1. Packet Fragmentation and TCP Stream Boundaries

Because TCP is a stream-oriented protocol, it does not guarantee that application-layer messages arrive as distinct units. Messages can be chopped up or merged together in the network buffers.

  • Solution: Designed a custom application-layer protocol. Every transmission is prefixed with a 4-byte fixed-width length header encoding the exact body size in bytes. The receiver reads exactly 4 bytes first, parses the integer length, and then invokes a blocking loop to read the remaining body payload bytes from the socket.

2. Sockets Stuck in TIME_WAIT State

During early benchmark iterations, running dense tests back-to-back caused the server to error out with Address already in use upon restarting. The Linux kernel holds closed connection ports in a safety TIME_WAIT cooldown status for 60 seconds (2MSL) to capture stray packets.

  • Solution: Programmed the server socket descriptor to explicitly override this kernel protection using setsockopt with the SO_REUSEADDR flag, forcing the OS to reclaim the local port immediately upon server restart.

3. Thread Interruption and Terminal I/O Race Conditions

When multiple client worker threads attempted to write to std::cout concurrently, the console outputs would splice together (e.g., Data ReceivedData Received41:). This visual race condition occurs because terminal printing is not atomic across asynchronous threads.
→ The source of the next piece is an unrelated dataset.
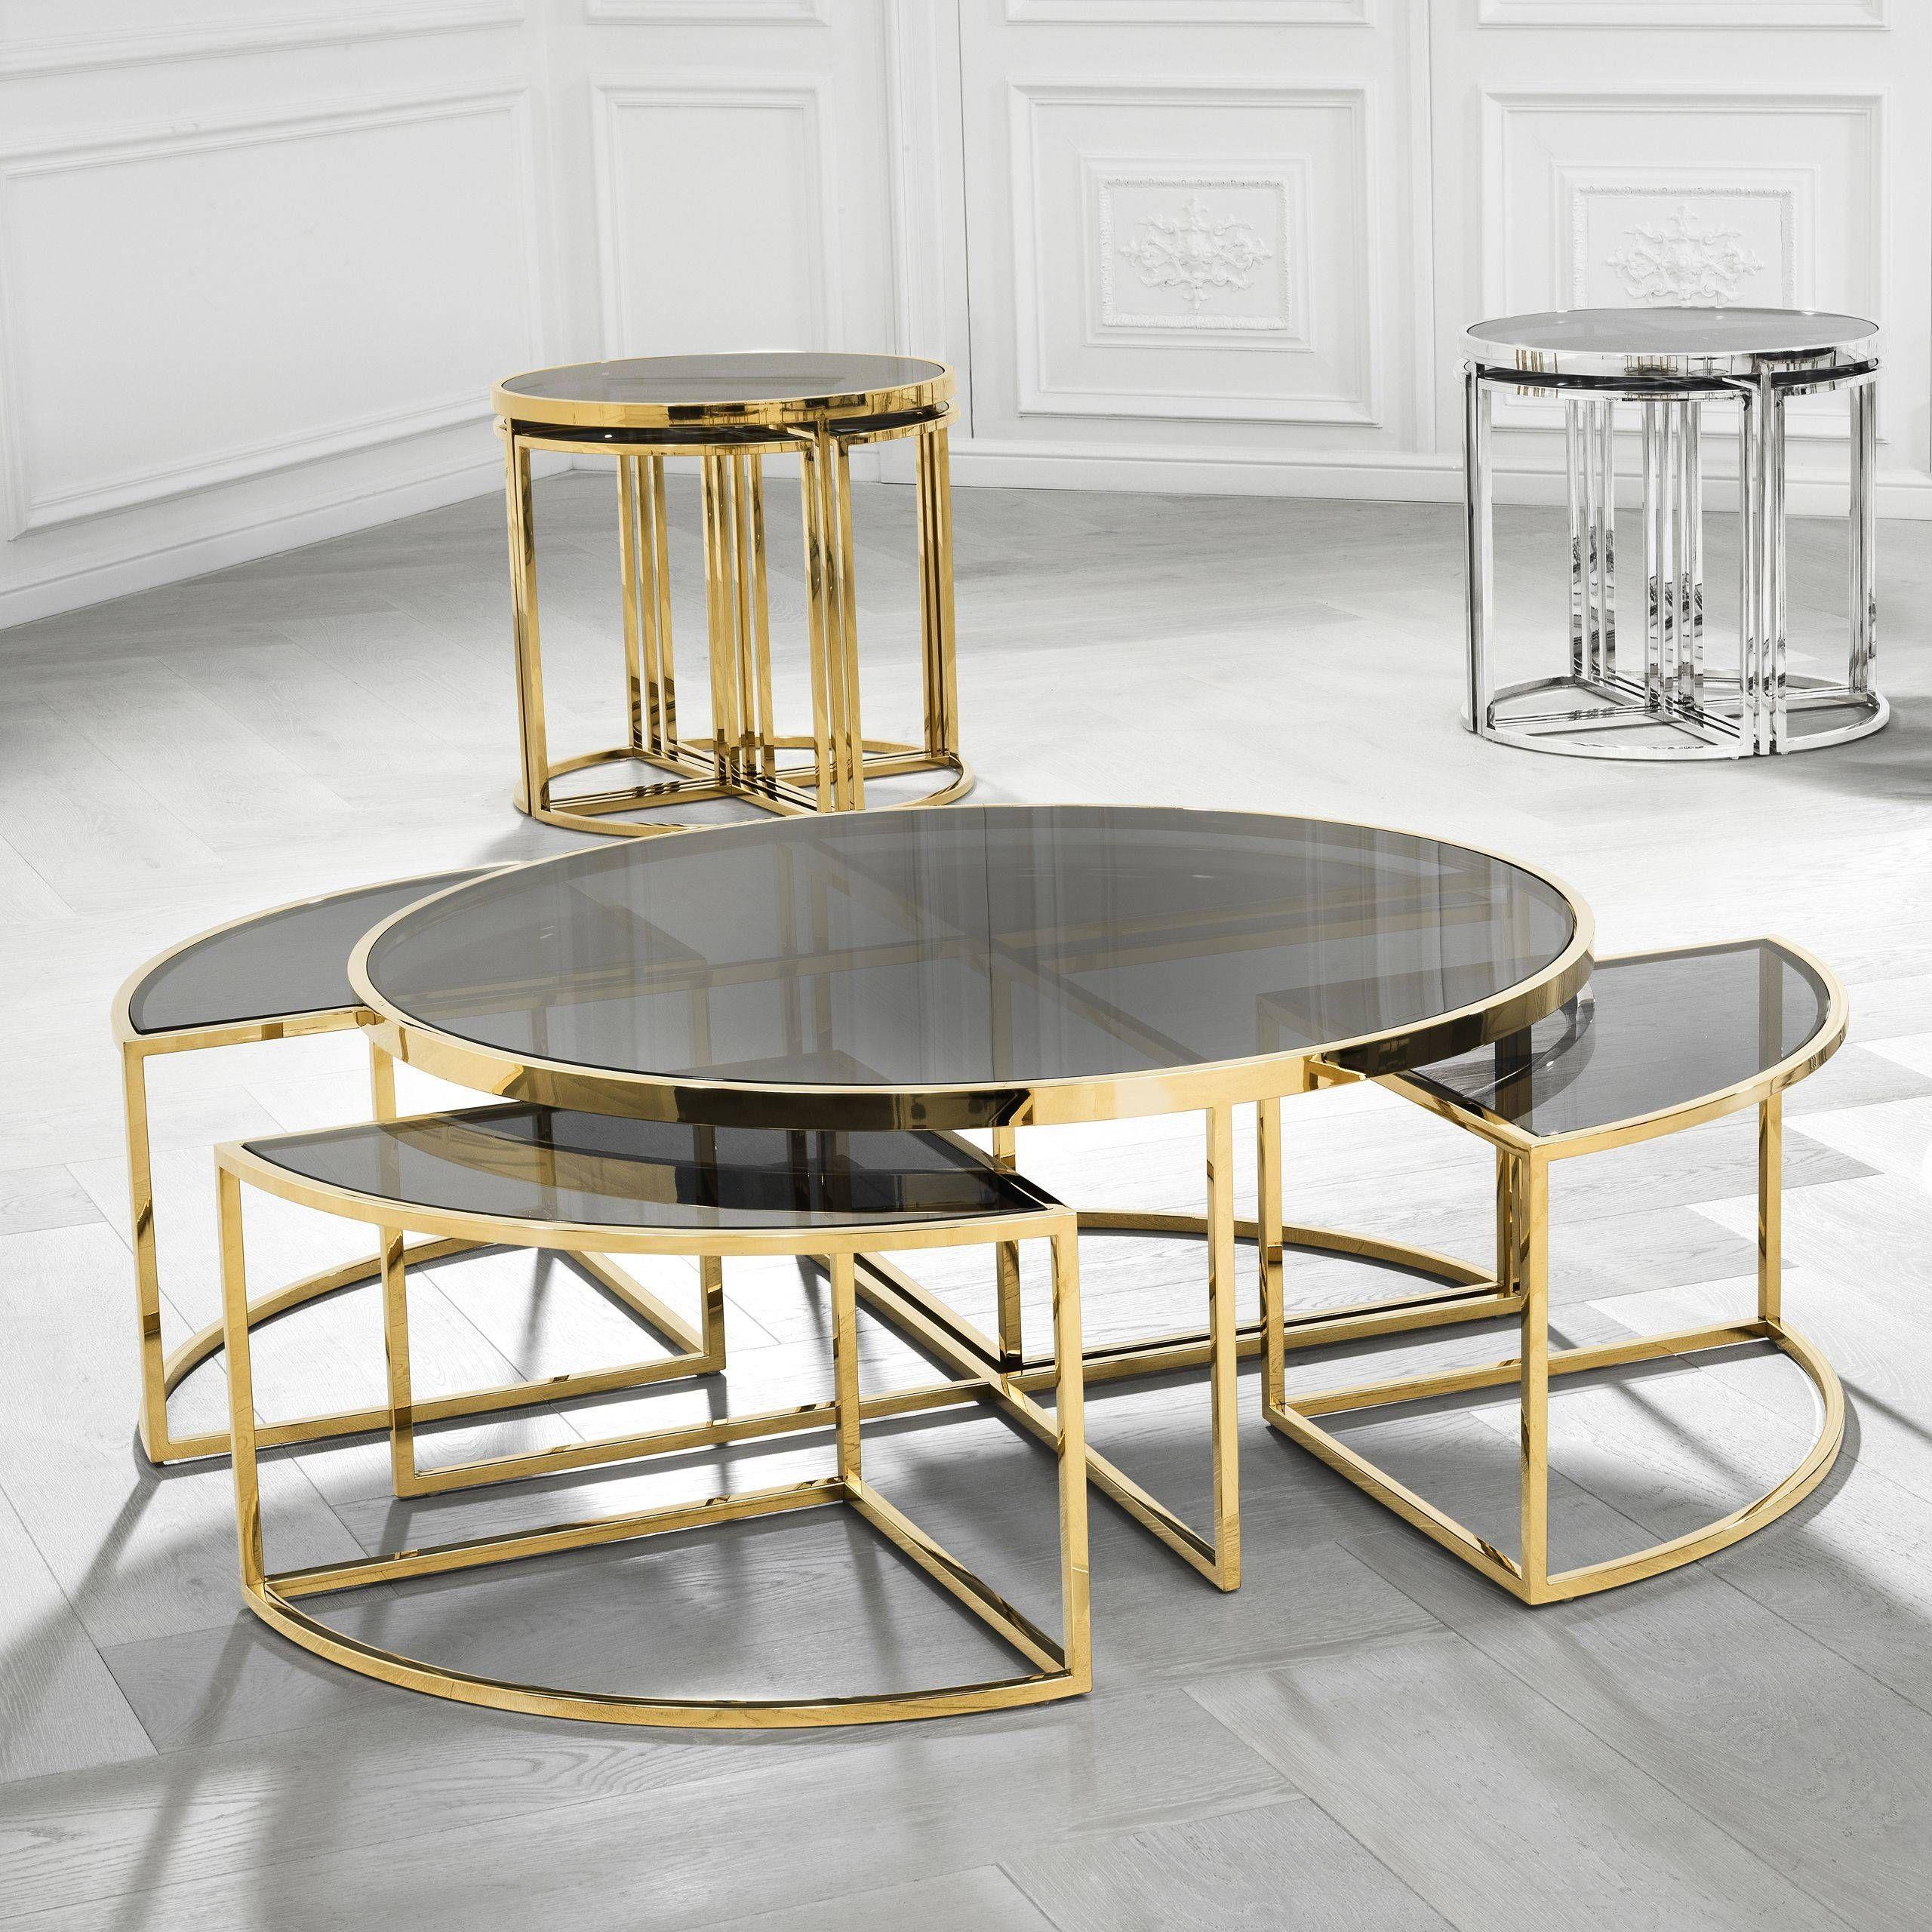 Nesting Coffee Table Eichholtz Padova In 2021 Nesting Coffee Tables Coffee Table Table [ 2560 x 2560 Pixel ]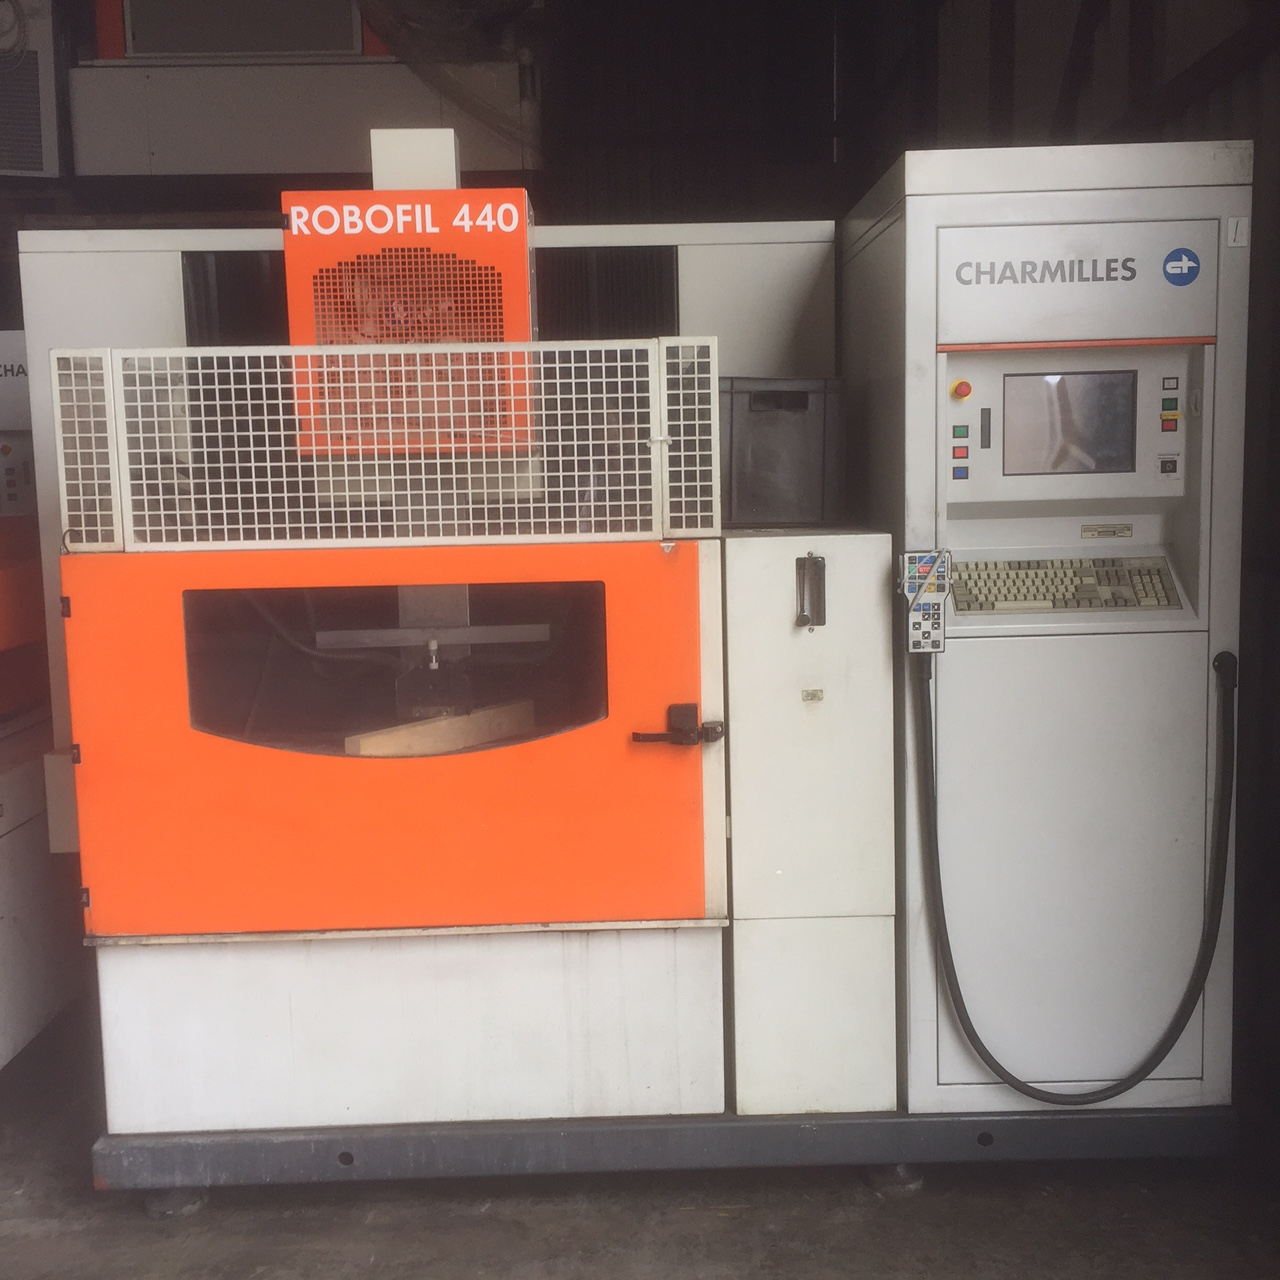 Charmilles Robofil 440 - 2001 Wire cutting edm machine (SOLD/VENDU/VERKAUFT)

  • Solution: Controlled thread synchronization metrics via decoupled background testing execution using automated suppression scripts (stdout=subprocess.DEVNULL) to guarantee terminal print overhead did not stall runtime performance profiles.

Empirical Performance Evaluation

The server was benchmarked using a multi-dimensional parameter grid across 10 steps of connection volumes (50 to 400 clients) and 10 steps of kernel queue limits (10 to 300 backlog entries).

Baseline Network Spectrum Metrics

Performance Analysis & Behavioral Insights

1. Connection Success Rate Decay Spectrum (Right Graph)

The right-hand chart shows a smooth decline in connection reliability as the concurrent load scales up. This behavior is dictated entirely by the kernel listener queue configuration:

  • Small Backlog Bottleneck (Backlog Queue: 10): When a burst of 50+ clients attempts to connect simultaneously, the kernel's incomplete connection buffer overflows instantly. The OS drops the excess TCP 3-way handshakes before the application layer can run accept(), causing success rates to drop down to 15% at 400 clients.
  • Large Backlog Resilience (Backlog Queue: 300): Increasing the queue parameter expands the kernel buffer. The server maintains a near 100% success rate at low loads and scales cleanly under high-volume spikes because it has the memory capacity to store inbound handshakes.

2. System Throughput Scaling Spectrum (Left Graph)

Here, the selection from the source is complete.